“Amici italiani smettetela di promuovere i vostri salumi, il vostro parmigiano e le vostre eccellenze. Cari francesi non dovreste essere così orgogliosi di essere il Paese con i 365 formaggi diversi. E voi amici austriaci nascondete la vostra cotoletta”. Inizia con ironia la lettera aperta scritta da Copa-Cogeca per contestare il nuovo documento di Greenpeace sulla promozione dei prodotti agricoli da parte dell’Unione Europea.
Le due organizzazioni di agricoltori europei contestano il dato estrapolato da Greenpeace riguardo ai 250 milioni di euro spesi tra il 2016-2020 dall’Unione Europea esclusivamente per la promozione della carne e dei latticini. “La cifra citata ha lo scopo di scioccare, di rendere indimenticabile un tweet”, spiega Copa-Cogeca. “Greenpeace non vi dirà che l’agricoltura è uno dei pochi settori che è riuscito a ridurre le sue emissioni di CO2 negli ultimi 20 anni, – si legge nella lettera – o che l’Europa ha i più alti standard al mondo per il benessere animale. Ciò che questa relazione non prenderà in considerazione è che se decidessimo di smettere di promuovere la produzione alimentare europea, gli altri Paesi non esiterebbero a continuare a farlo, e sarà certamente a discapito degli animali da allevamento e dell’ambiente, visto che parliamo di Paesi i cui standard sanitari e ambientali non si avvicinano minimamente a quelli che i nostri agricoltori devono rispettare in Europa”.
Inoltre, sempre secondo gli agricoltori: “Ciò che il rapporto di Greenpeace ha tralasciato è che questi 250 milioni di euro utilizzati per la promozione di carne e latticini rappresentano, sì, il 32% del budget, ma sono in linea con il valore di mercato della produzione agro-zootecnica dell’UE che nel 2019 copriva esattamente il 38,6% dell’intera produzione. Lo stesso vale per frutta e verdura. Greenpeace afferma che solo il 19% del budget è dedicato a frutta e verdura, ma questo è in linea con il 20% della quota di mercato che questi prodotti rappresentano all’interno dell’intera produzione agricola dell’UE. Greenpeace afferma anche che solo il 9% dell’intero budget va al biologico. Ancora una volta, – prosegue la lettera – questo è del tutto in linea con la quota produzione di questi prodotti che arriva, infatti, all’8%. La conclusione che possiamo trarne è che la promozione dell’UE rispecchia la realtà della produzione in Europa. Se i fondi venissero ridistribuiti sulla base del ragionamento di Greenpeace, verrebbero utilizzati tutti? Inoltre se seguissimo le indicazioni di Greenpeace non rischieremmo di vedere il budget dedicato alla promozione del nostro prezioso patrimonio regionale riallocato per promuovere “crocchette” vegane o “fake meat” prodotta in laboratorio?”
“Il rapporto di Greenpeace attacca ‘l’agricoltura industriale’ come principale destinatario dei fondi della politica di promozione dell’UE. Ciò che Greenpeace non dirà, però, è che la maggior parte del budget per il mercato interno è dedicata a prodotti IGP, prodotti biologici o alimenti prodotti in modo sostenibile. Se guardiamo l’intera comunicazione di Greenpeace, questo rapporto è in definitiva solo una parte di un progetto molto più ampio: la veganizzazione della nostra alimentazione. A tal fine, Greenpeace sta promuovendo un’idea molto fuorviante, e cioè che esista una dottrina univoca in materia di ambiente o salute quando si tratta di allevamento”.

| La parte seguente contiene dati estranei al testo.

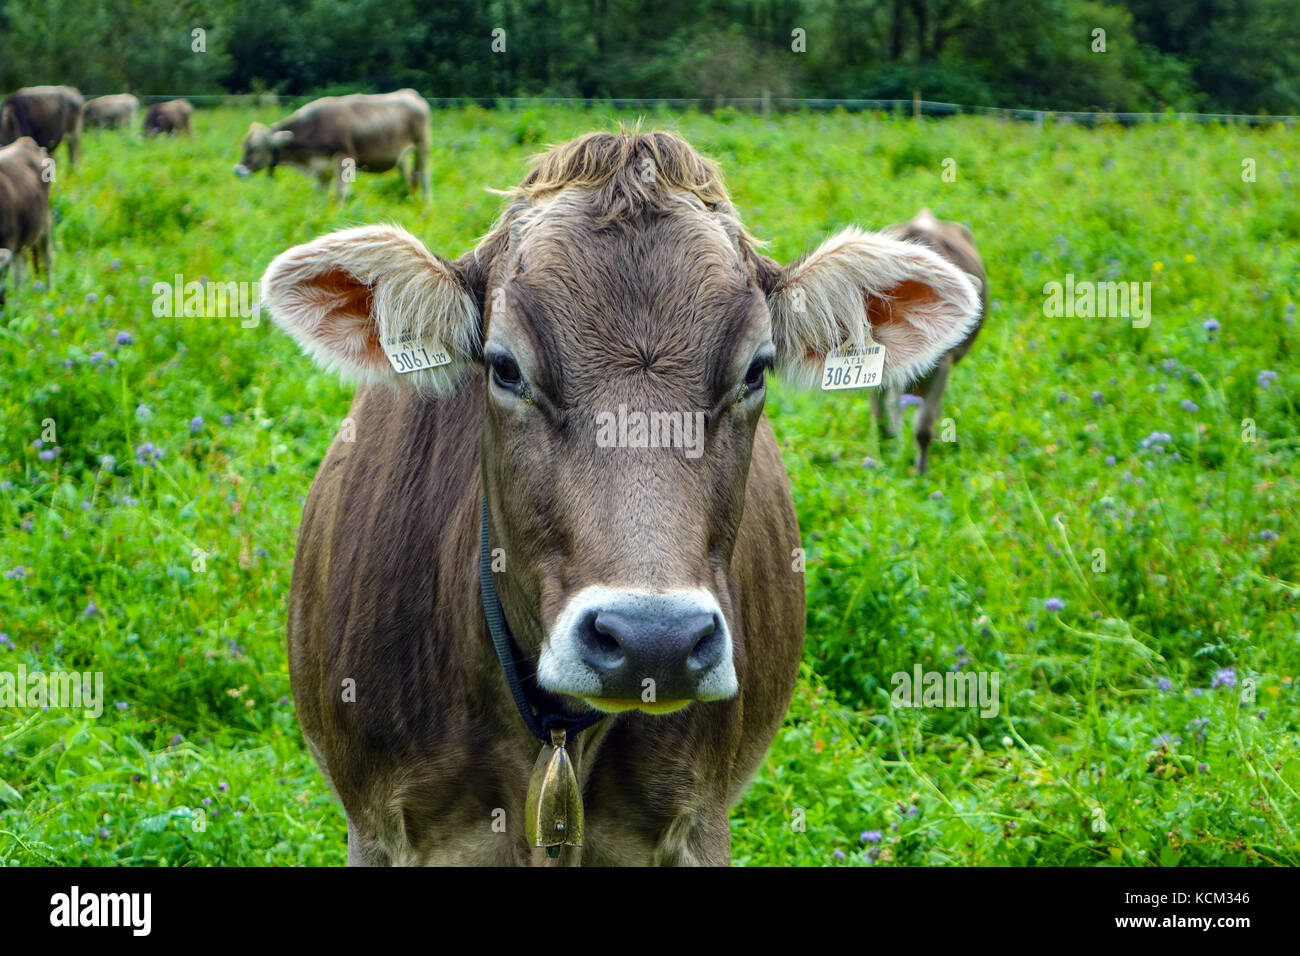 Vache brune avec l'oreille looking at camera, Autriche Banque D'Images

“La posta in gioco dietro la battaglia delle politiche di promozione è la visione del nostro sistema alimentare del futuro. Abbandoneremo parte del nostro patrimonio culinario, il nostro parmigiano, i nostri camembert, le nostre salsicce, il nostro filetto di maiale, la nostra costata in favore di alimenti sintetici il cui universo culinario è popolato da “hamburger” e “pepite” vegetariane? Rispetto ai 3,1 miliardi di euro investiti lo scorso anno in prodotti di imitazione a base vegetale, cosa rappresentano 250 milioni di euro investiti in 4 anni dalla Commissione europea per promuovere e proteggere il patrimonio culinario dell’UE?”

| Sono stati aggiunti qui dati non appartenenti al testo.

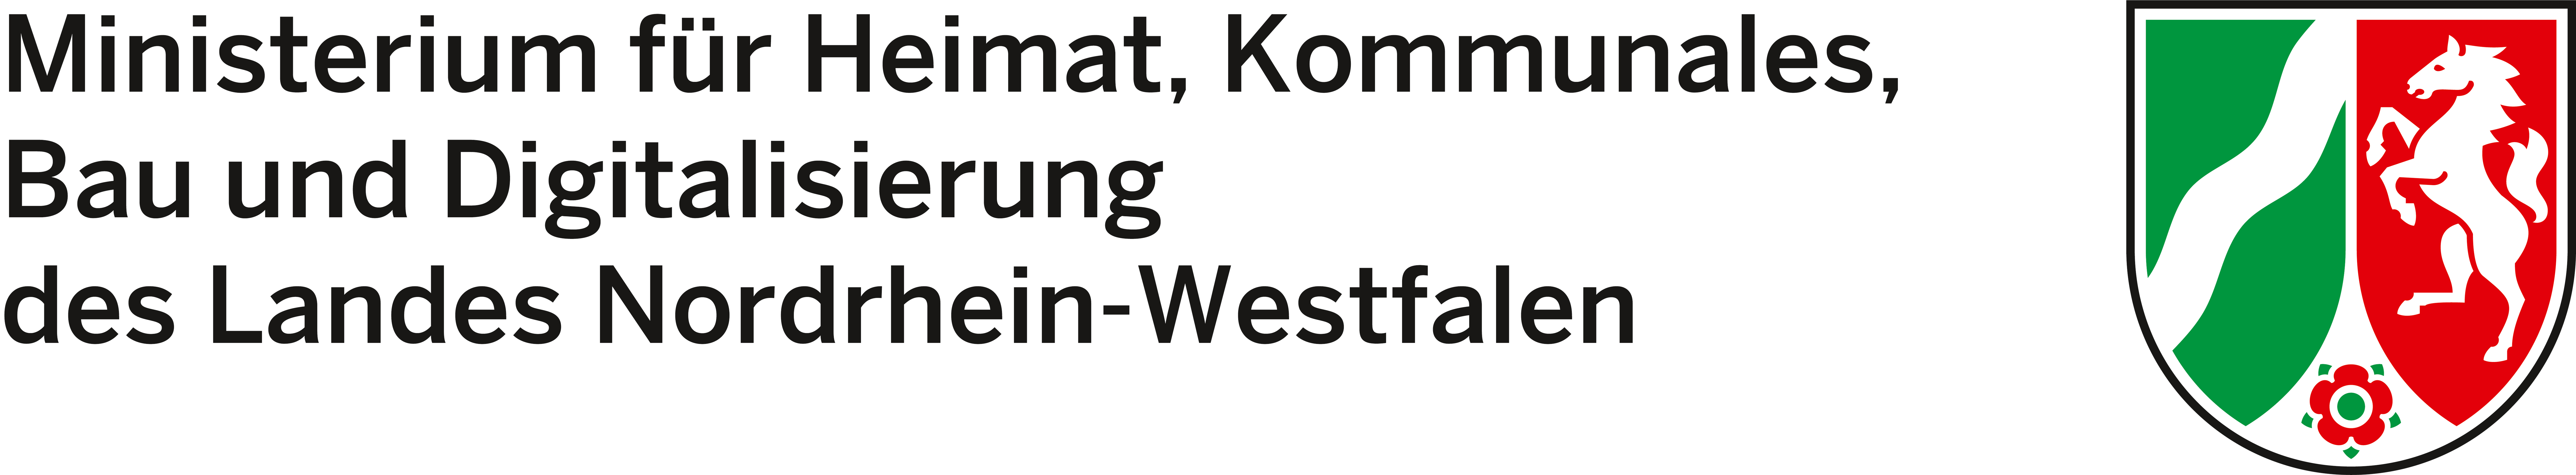 Logo: Ministerium für Heimat, Kommunales, Bau und Gleichstellung des Landes Nordrhein-Westfalen

Conclude la lettera: “Questo approccio è purtroppo deleterio per il dibattito pubblico europeo in quanto alimenta una sorta di populismo contro il lavoro messo in atto dalla Commissione e dagli agricoltori dell’UE per migliorare la sostenibilità dell’agricoltura europea. Se applicato, potrebbe certamente portare ad un aumento delle importazioni da Paesi stranieri, come quelli del mercato Mercosur, danneggiando il nostro patrimonio culinario regionale, consentendo alle multinazionali di promuovere le loro nuove linee di prodotti”.